### TASK ITEM
Find the line containing "August 2013 besteht", then print it and each line after it through the end of the listing exactly, with no pictures.

### COLLECTED DATA
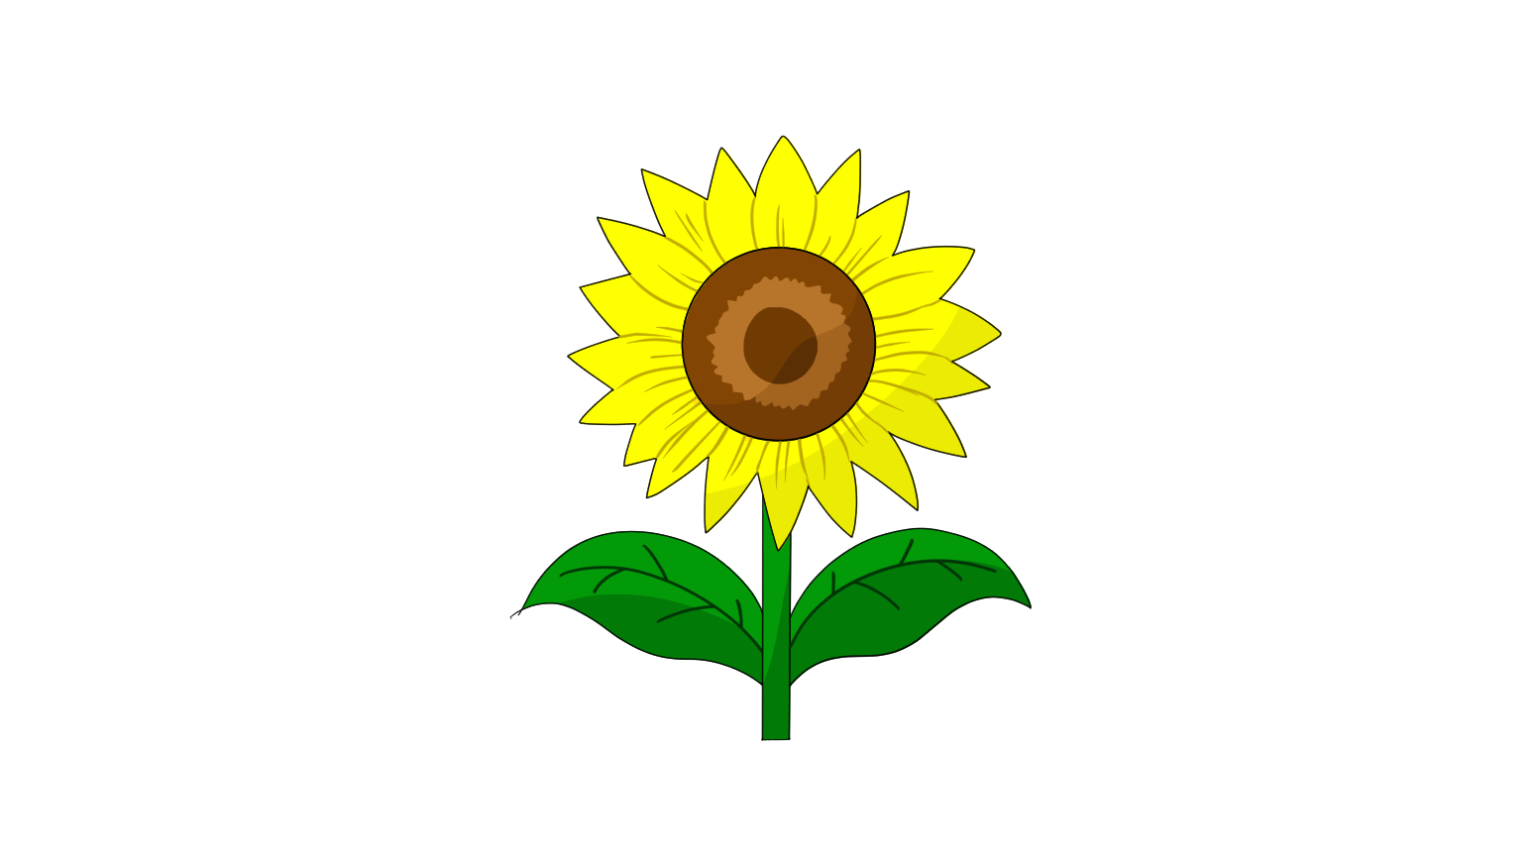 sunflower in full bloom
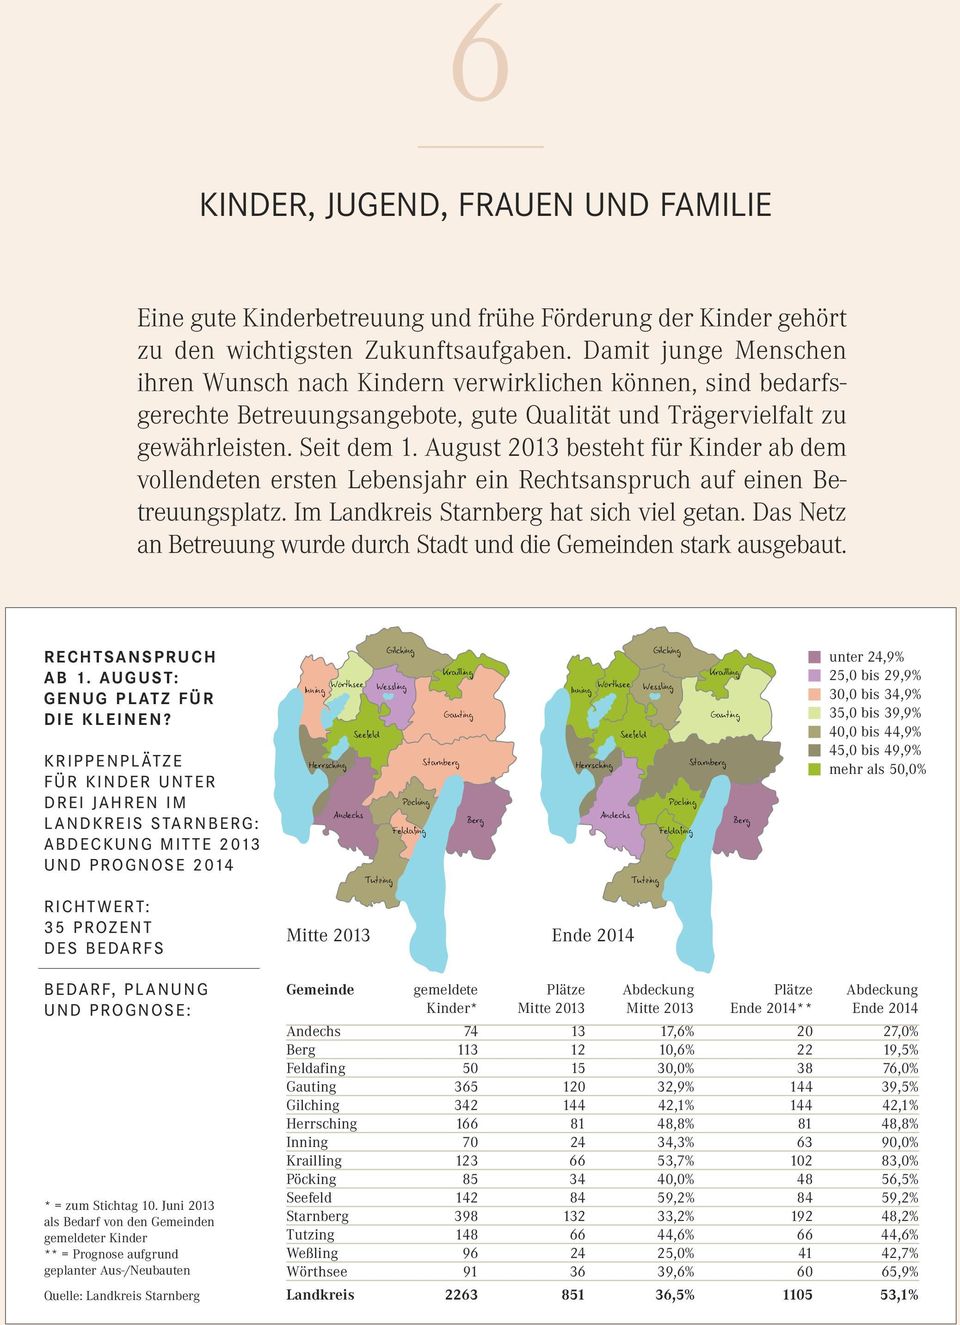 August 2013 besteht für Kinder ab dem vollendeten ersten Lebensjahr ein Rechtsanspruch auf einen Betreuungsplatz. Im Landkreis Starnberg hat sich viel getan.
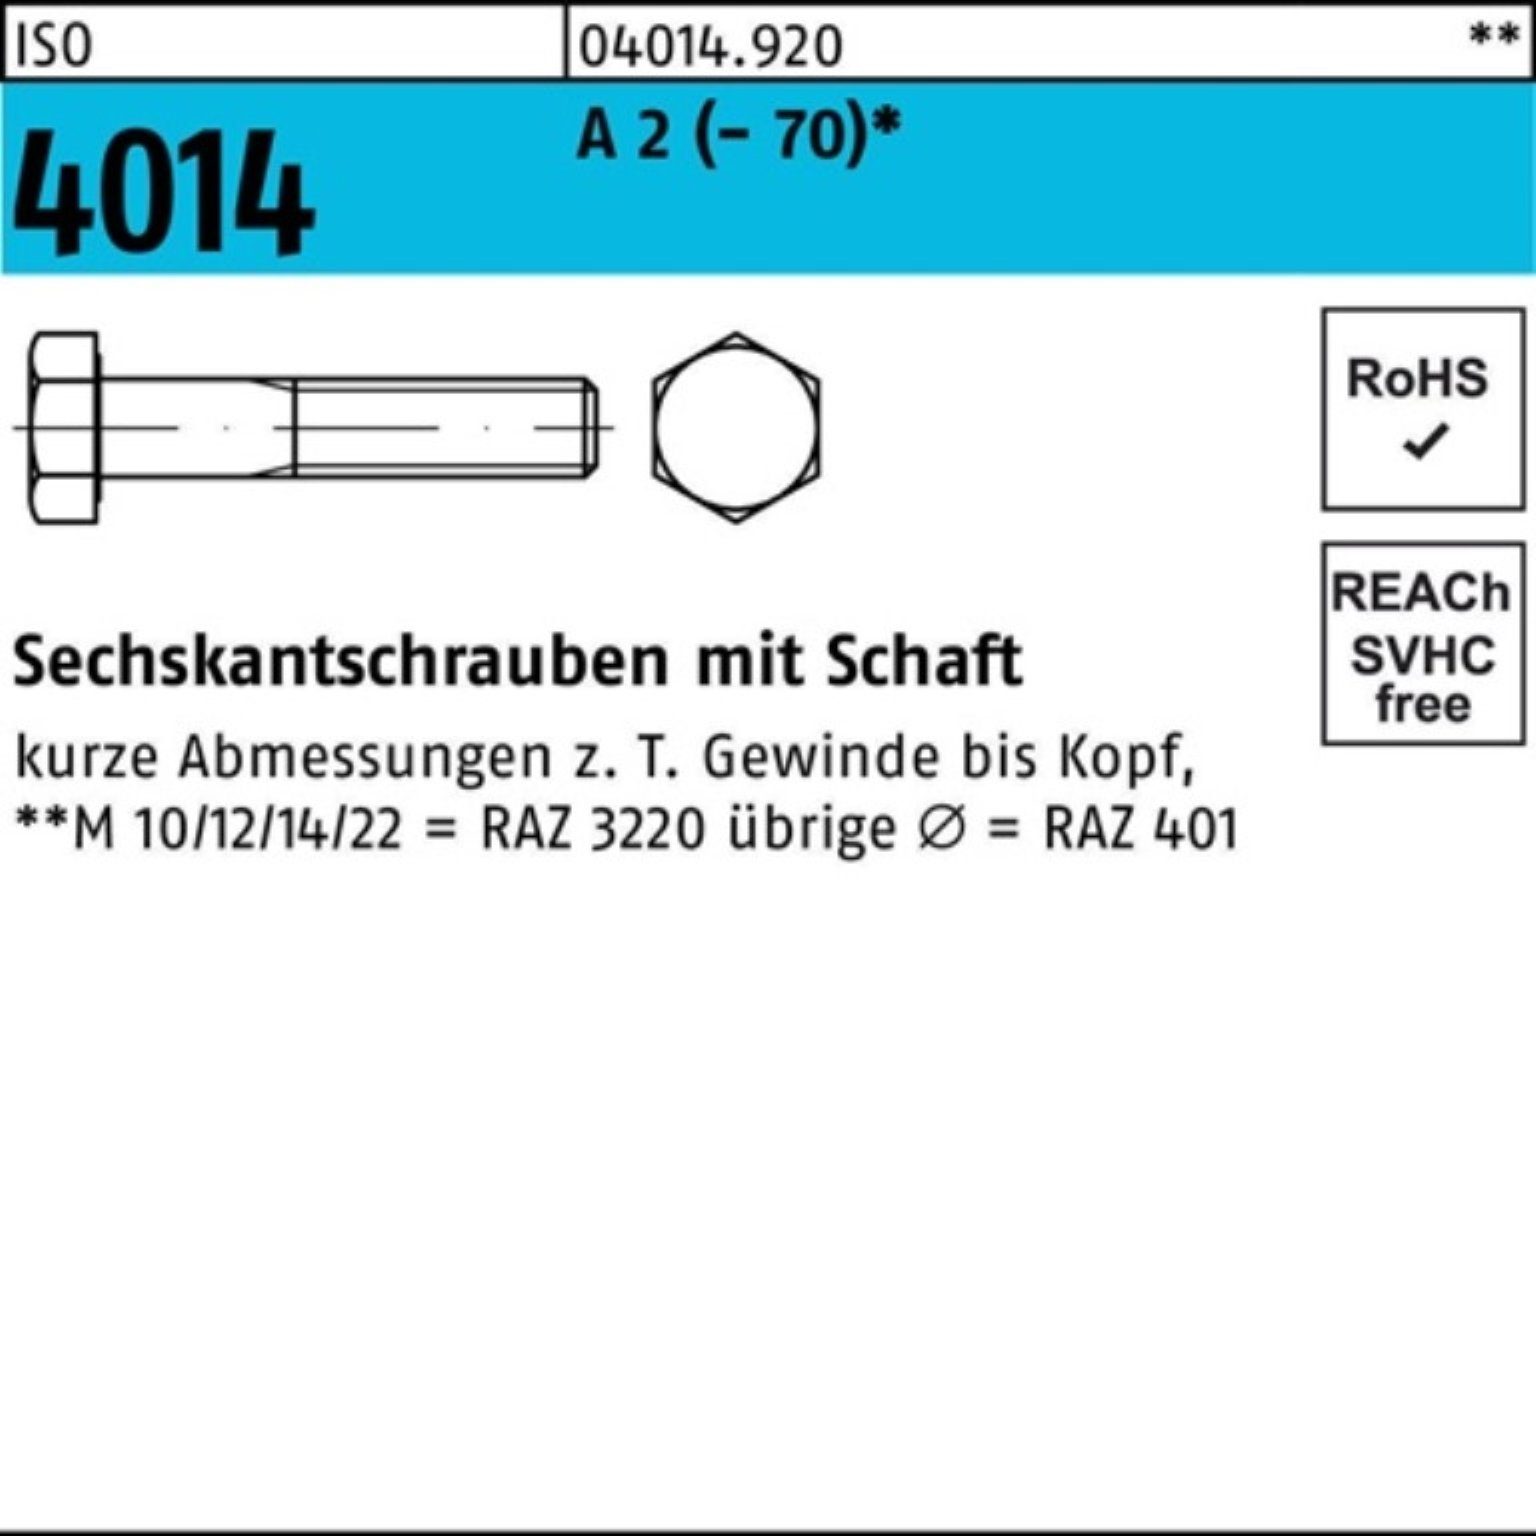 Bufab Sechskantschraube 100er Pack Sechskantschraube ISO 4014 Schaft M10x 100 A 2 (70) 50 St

### ANSWER
 August 2013 besteht für Kinder ab dem vollendeten ersten Lebensjahr ein Rechtsanspruch auf einen Betreuungsplatz. Im Landkreis Starnberg hat sich viel getan.
 Bufab Sechskantschraube 100er Pack Sechskantschraube ISO 4014 Schaft M10x 100 A 2 (70) 50 St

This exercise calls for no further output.